Hadeon mengambil surat itu dan membukanya untuk membacanya. Dia berkomentar,

"Tampaknya kabar telah tersebar tentang kepulangan saya. Siapkan kereta," dia menginstruksikan. Kemudian, melempar pandangan ke Mallory, dia menambahkan, "Kami akan makan siang dengan beberapa kenalan lama saya."

Vampir lain? Mallory gentar dengan pemikiran itu. Ada berapa banyak mereka?! Dia sangat meragukan Hadeon memiliki teman manusia. Meskipun dia punya, mereka pasti adalah salah satu penduduk tertua di kuburan. Namanya wanita itu terdengar agak familiar, dia berpikir dalam hati.
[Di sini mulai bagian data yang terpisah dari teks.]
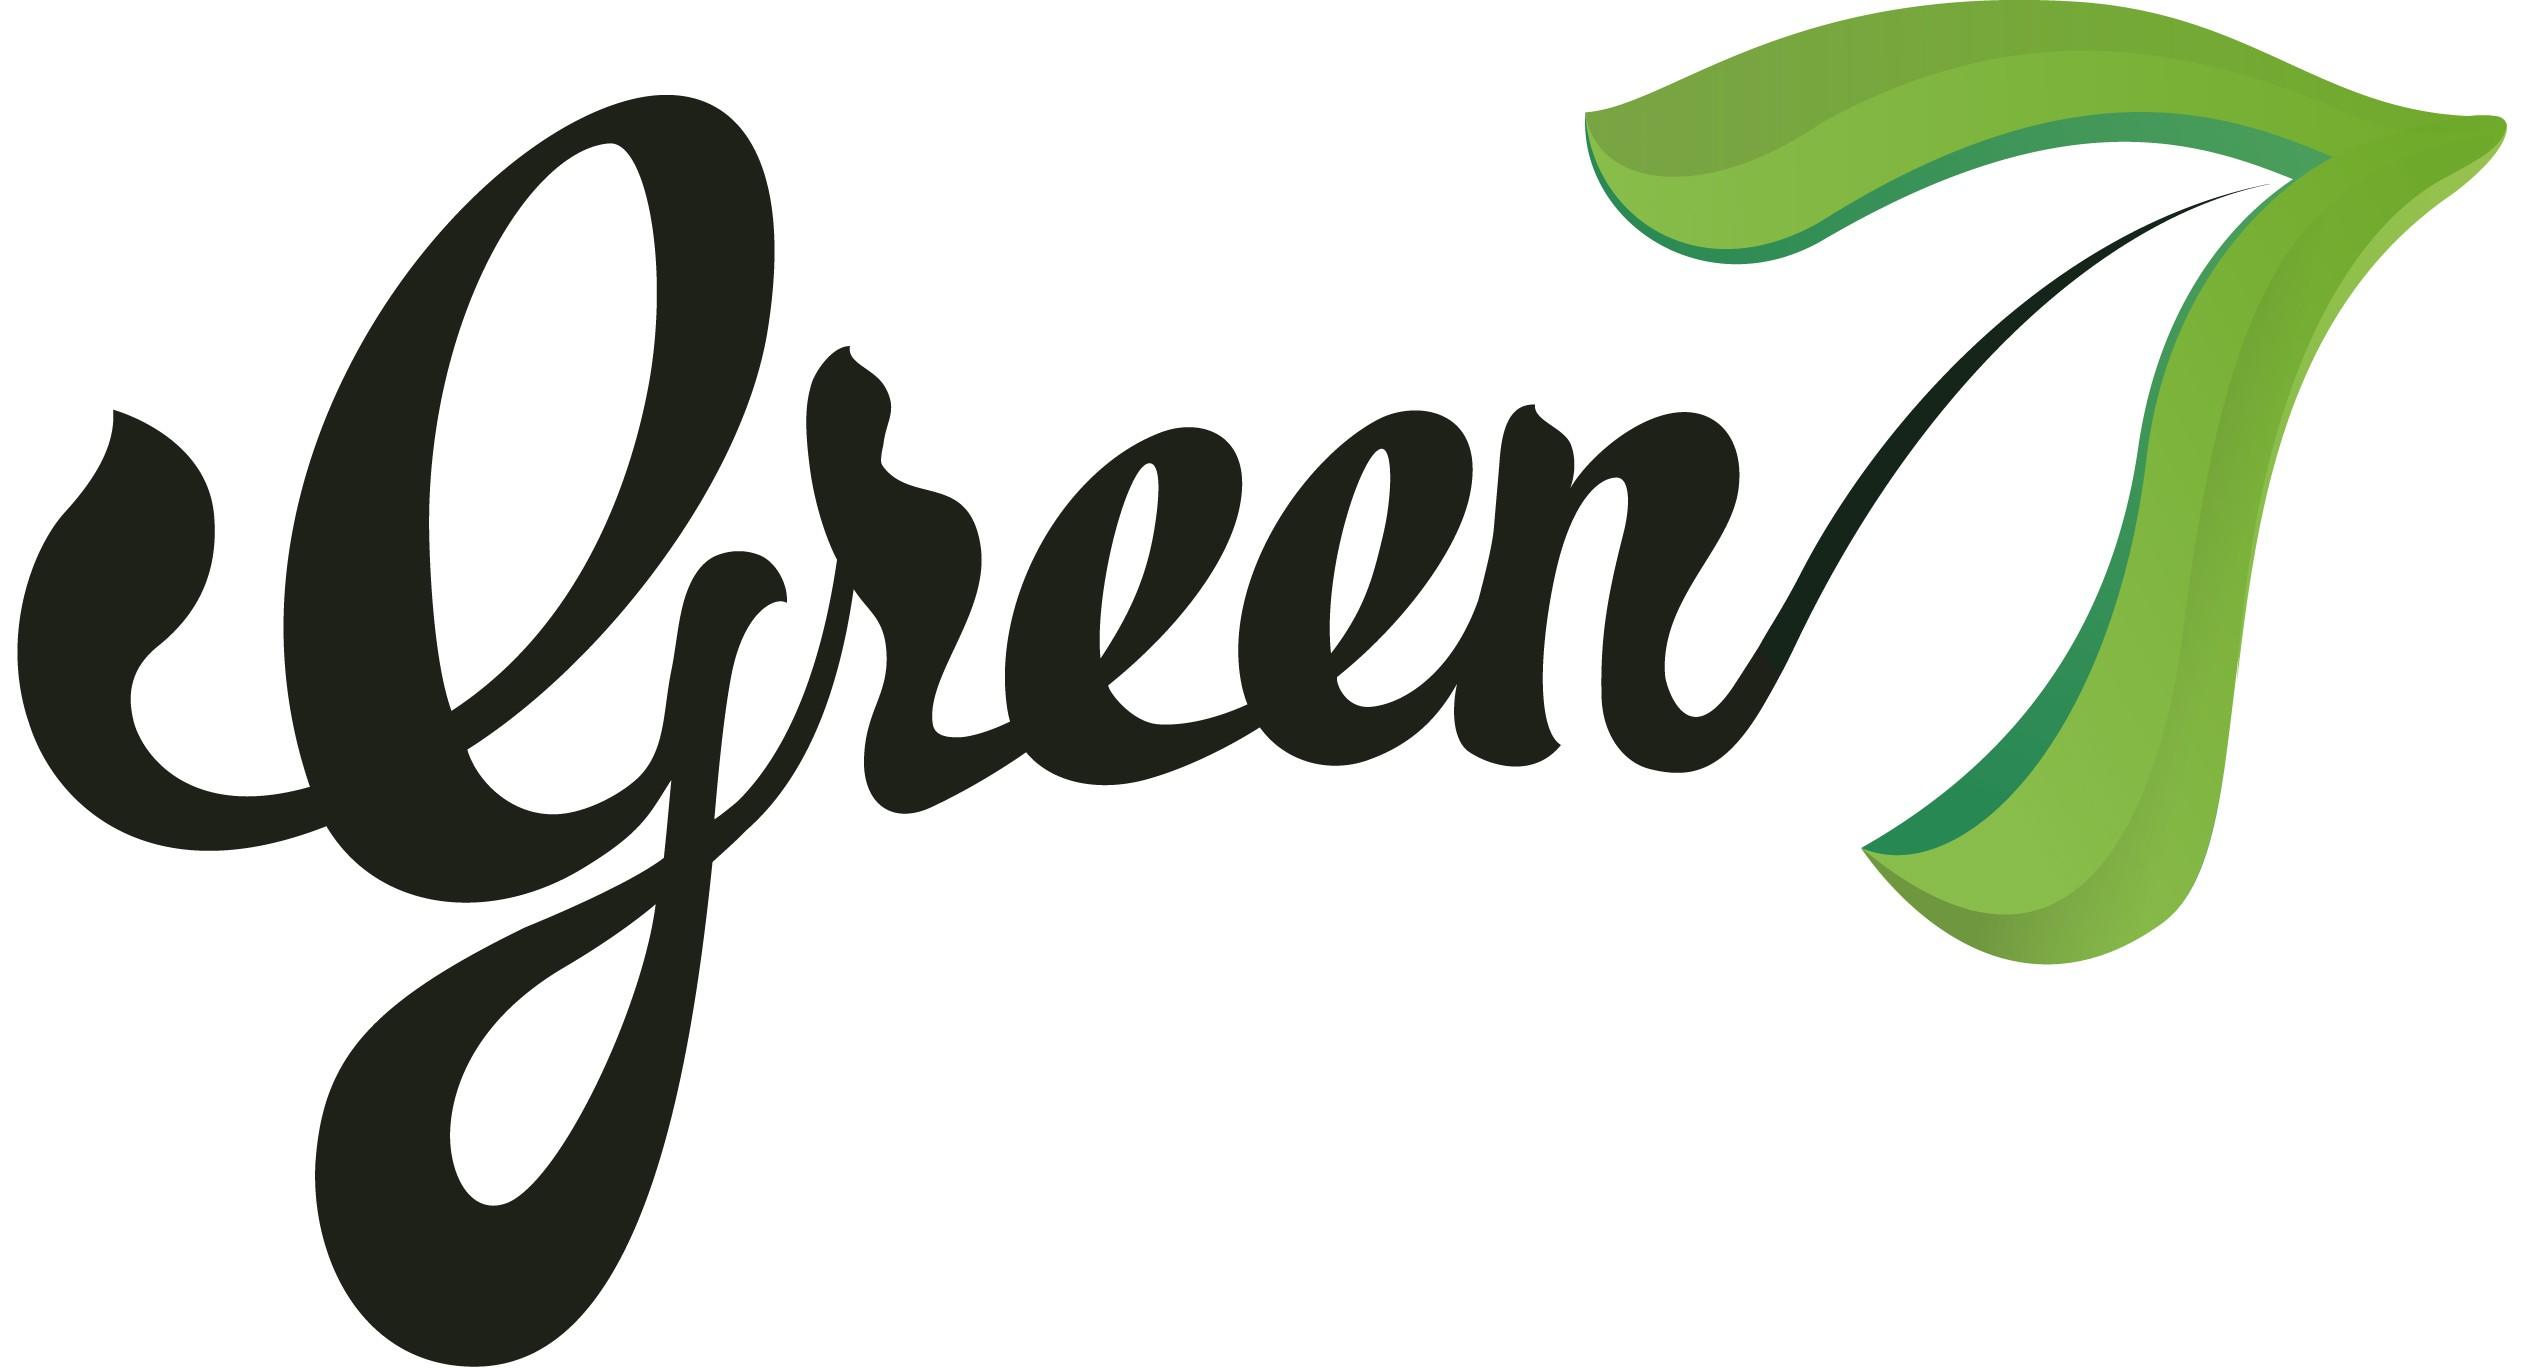 Green 7 - Novatech

"Ya, Lord Hadeon," Ivy merespons dengan cerah dibandingkan dengan dinding marun gelap yang mengelilingi mereka. Pelayan itu berbalik dan cepat pergi.

Mallory masih sibuk dengan pikirannya tentang jumlah vampir yang berjalan di sekitarnya, yang mungkin belum terlihat sampai sekarang. Itu berlangsung sampai perhatiannya tiba-tiba tertuju pada Hadeon. Jari-jarinya yang ramping mulai membuka kancing bajunya.

Napasnya tertahan di tenggorokannya saat dia melepas bajunya, memamerkan kontur bahu lebar dan otot yang terdefinisi dengan baik, di mana bagian atas tubuhnya menyempit ke celananya. Lengannya berotot, dan bertato, tapi satu saat ada, lalu menghilang. Dengan mata keemasannya menatapnya seperti elang dan rambutnya tersebar di bahunya, pria itu mengeluarkan maskulinitas mentah.

"Apakah Anda menunggu untuk memandikan saya dengan air panas atau..." Hadeon mengejeknya, menjatuhkan baju itu ke tanah yang dia seimbangkan dengan satu jarinya.